44 thoughts on “Encoders Spin Us Right Round

  1. I had an awful experience trying to use a mechanical encoder. Even with software debouncing and RC filtering on the encoder, I would still get horrible bouncing that made it appear to be rotating backwards occasionally. I got the encoder from BGmicro and I suspect it was quite old and the contacts must have been terrible inside.

    I would recommend to stay away from cheap mechanical encoders and go optical wherever possible

    1. When one switch bounces and the other is stable, little problem.

      When both switches bounce, no amount of delaying will fix it.

      Best, low-pass filter each switch with R-C, then try again with the delay debouncing (filtering won’t work 100% on it’s own).

    2. I first wrote code for cheap sh!tty encoders from China.

      What I learnt was to use one extra variable to store the current direction. Left -1, Right 1, Unknown 0

      Then when a pulse is missed or is synchronous with the other (as happens with cheap sh!tty encoders from China) then you assume 2 steps in the current direction. The next step after that should confirm the current direction. If however it indicates a reversal then you go three steps back. This might sound unworkable but if you put it into one function then you can return the three steps back faster than it takes for a LCD to update because they are without debounce delay.

      The above will give you full quad encoding ie four step events per quadrature cycle.

  2. Grey-code rotary encoders take me back.

    There was one on the knob of the game Tempest. As the text notes, you can use rising edges of one output as a step count and the level of the other line as a direction indicator. Tempest used a bidirectional hex counter chip. One output was connected to the clock input, the other to direction.

    One issue is that when you change direction, the first step captured may wind up being the wrong direction. In Tempest’s case, the knob’s sensitivity is dramatically reduced in software, so the “wrong” tick is lost as noise.

    1. That Tempest encoder sounds like an incremental encoder. Gray code is different.
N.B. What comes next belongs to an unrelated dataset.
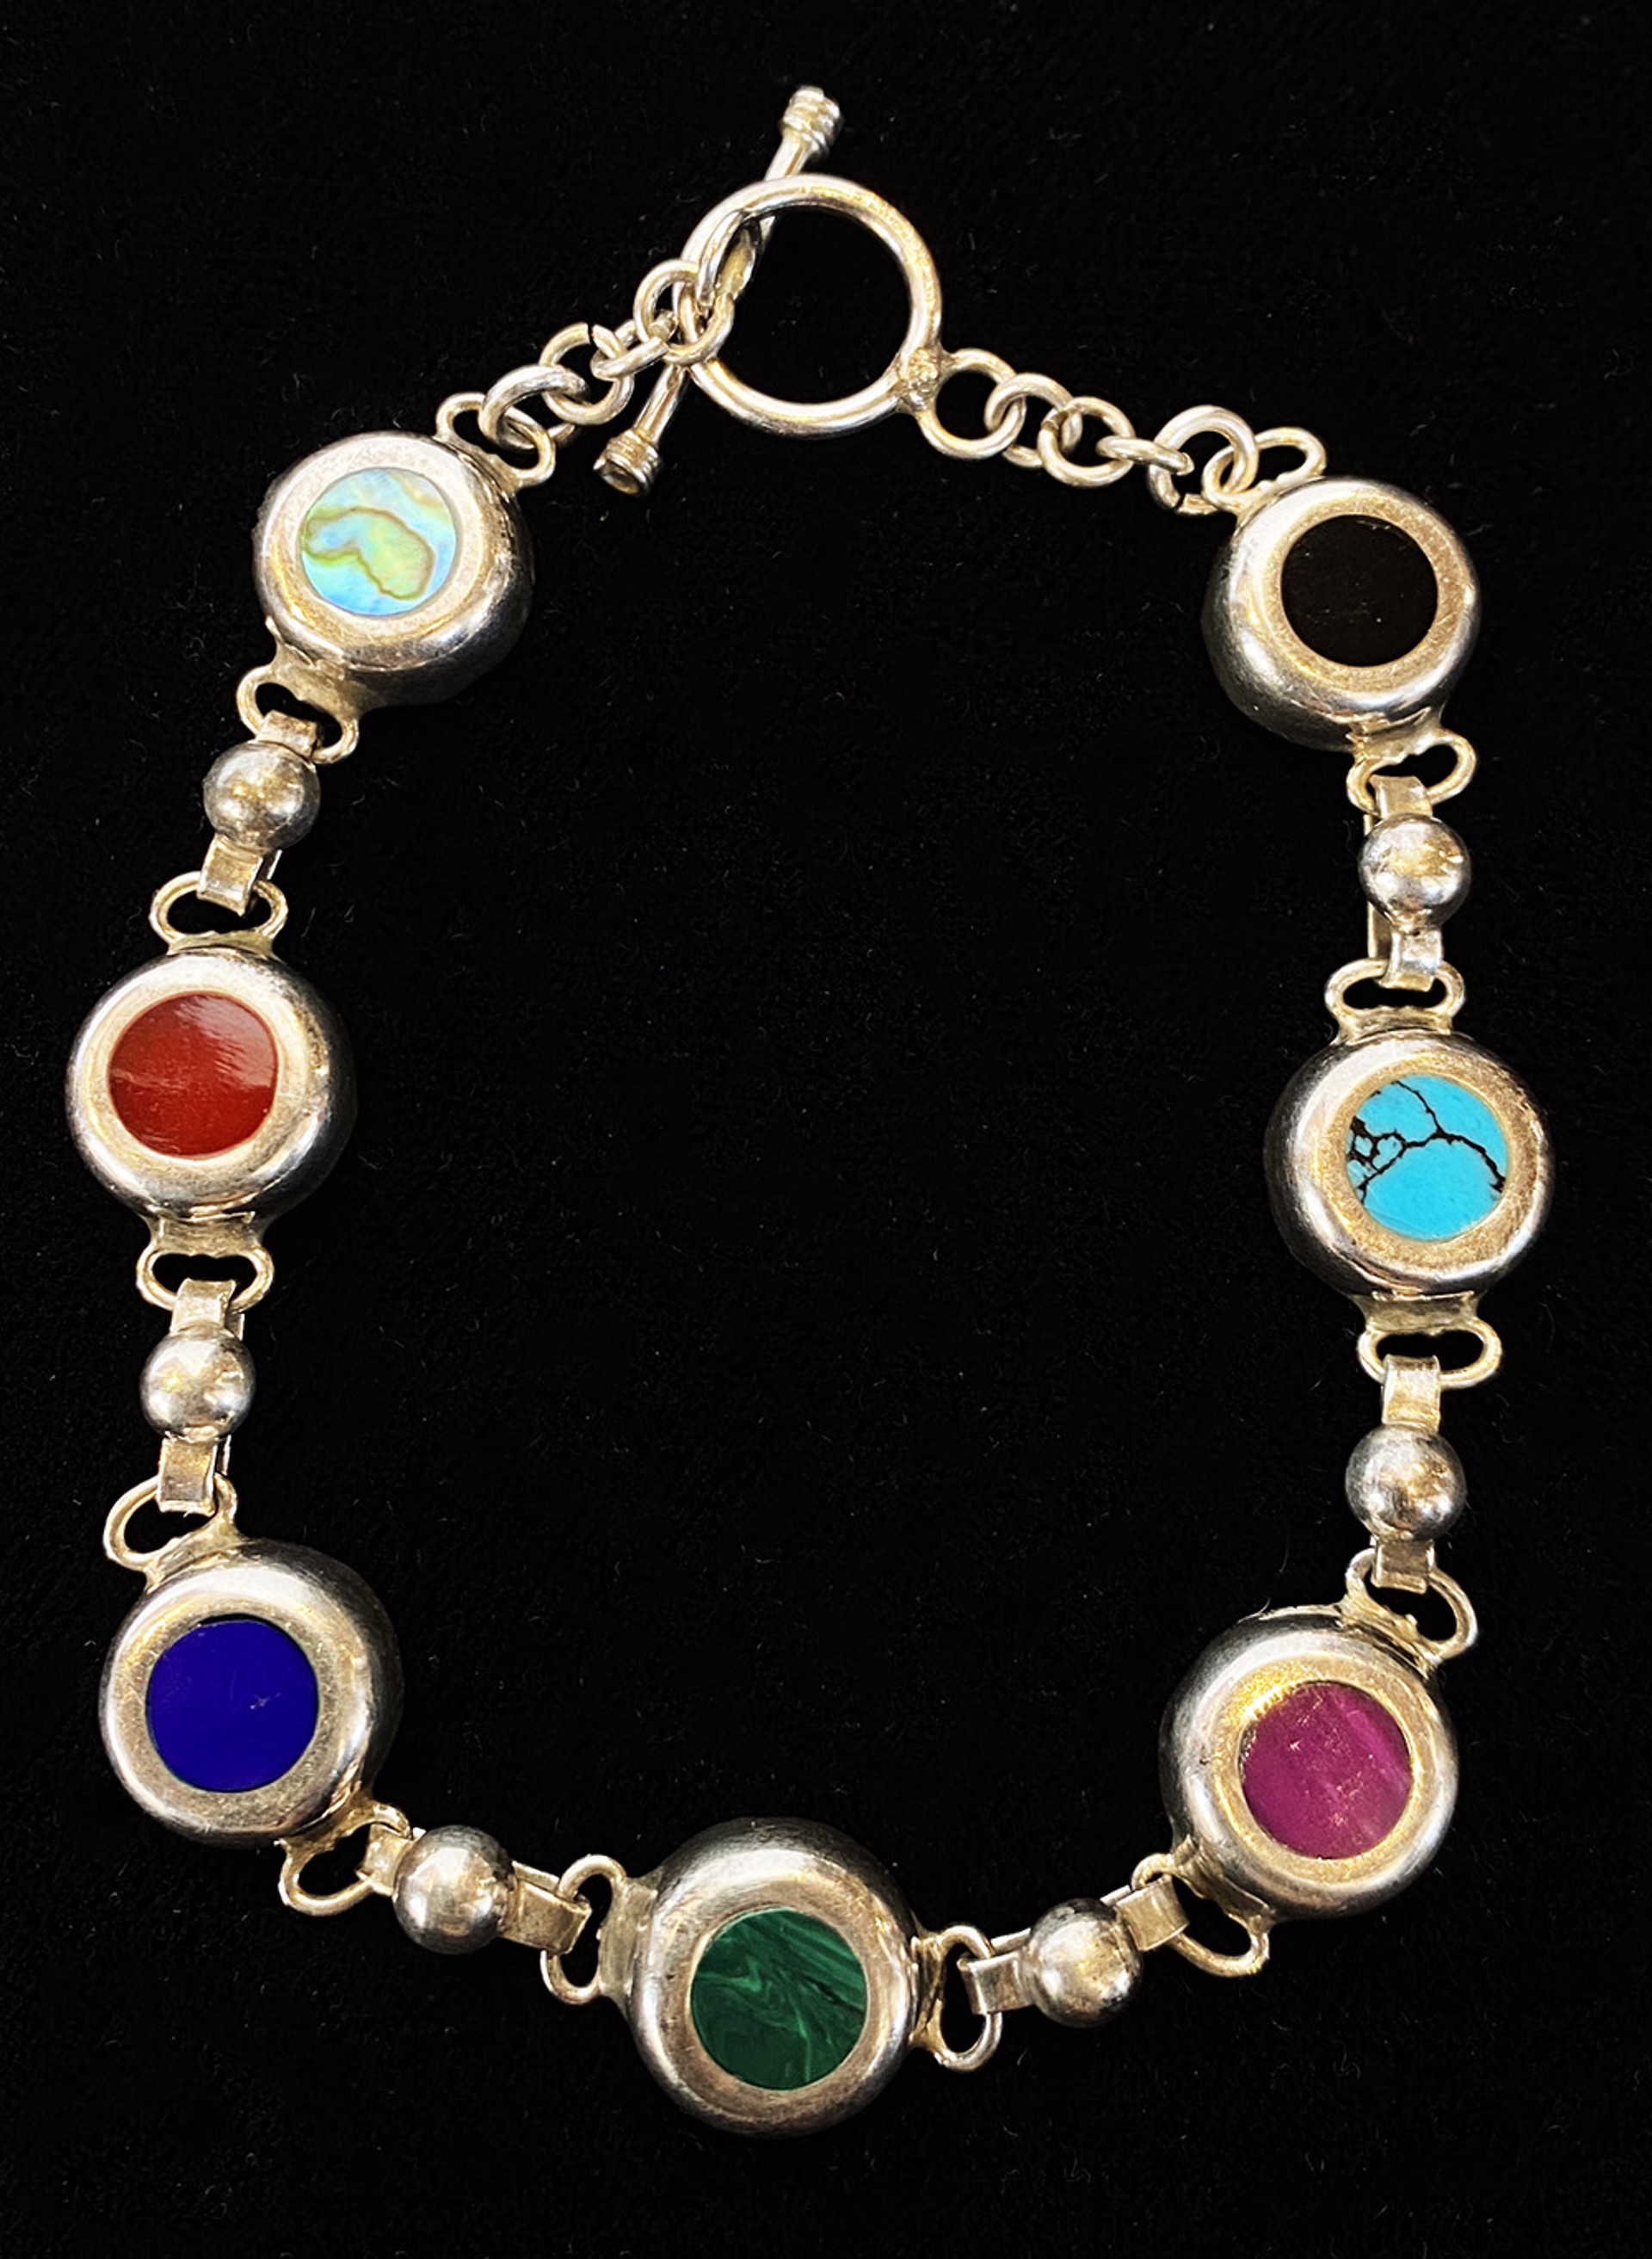 Vintage Mexican Sterling Multistone Bracelet by Artist Unknown

It’s used for multi bit, parallel, absolute encoders. Only 1 bit changes at any given step, unlike binary counting.
      Older industrial equipment used that in case one bit was faulty or noisy, so the resulting value would dither only by the amount of the least significant digit.

  3. Can someone explain to me, why there are lots of encoders where there are two (electrical) step per one mechanical indent? I.e. one mechanical step is equivalent to two electrical steps?

    Is there any point in doing this?

    1. Are you referring to each of the 2 outputs on a quadrature encoder changing state when the shaft is rotated one indent? If so, as the article describes, this allows you to tell the direction in which the shaft was turning when the indent was reached.

      1. Yes, but this would also be possible if your quadrature encoding progresses just one step per indent. i.e. |A|AB|B|_|A|AB|B|_| where each item in the sequence is matched with a mechanical indent: if “B” follows “AB” it is turned right, if “_” follows B it is turned right, if “A” follows “AB” it is turned left etc.
        There is no need to demand two steps in the grey sequence for the movement from one indent to the next.

        1. I believe it’s done to help discriminate a real movement from noise or bouncing. Noise/bouncing might look like a valid sequence, but if two electrical steps occur per encoder indent, it’s more obvious when the encoder was actually moved

        2. A Gray Code (Invented by Frank Gray) sequence changes 1 value per step in a multi-value encoding, like 4 bit Gray Code takes 4 signal wires and only 1 of them changes at a time.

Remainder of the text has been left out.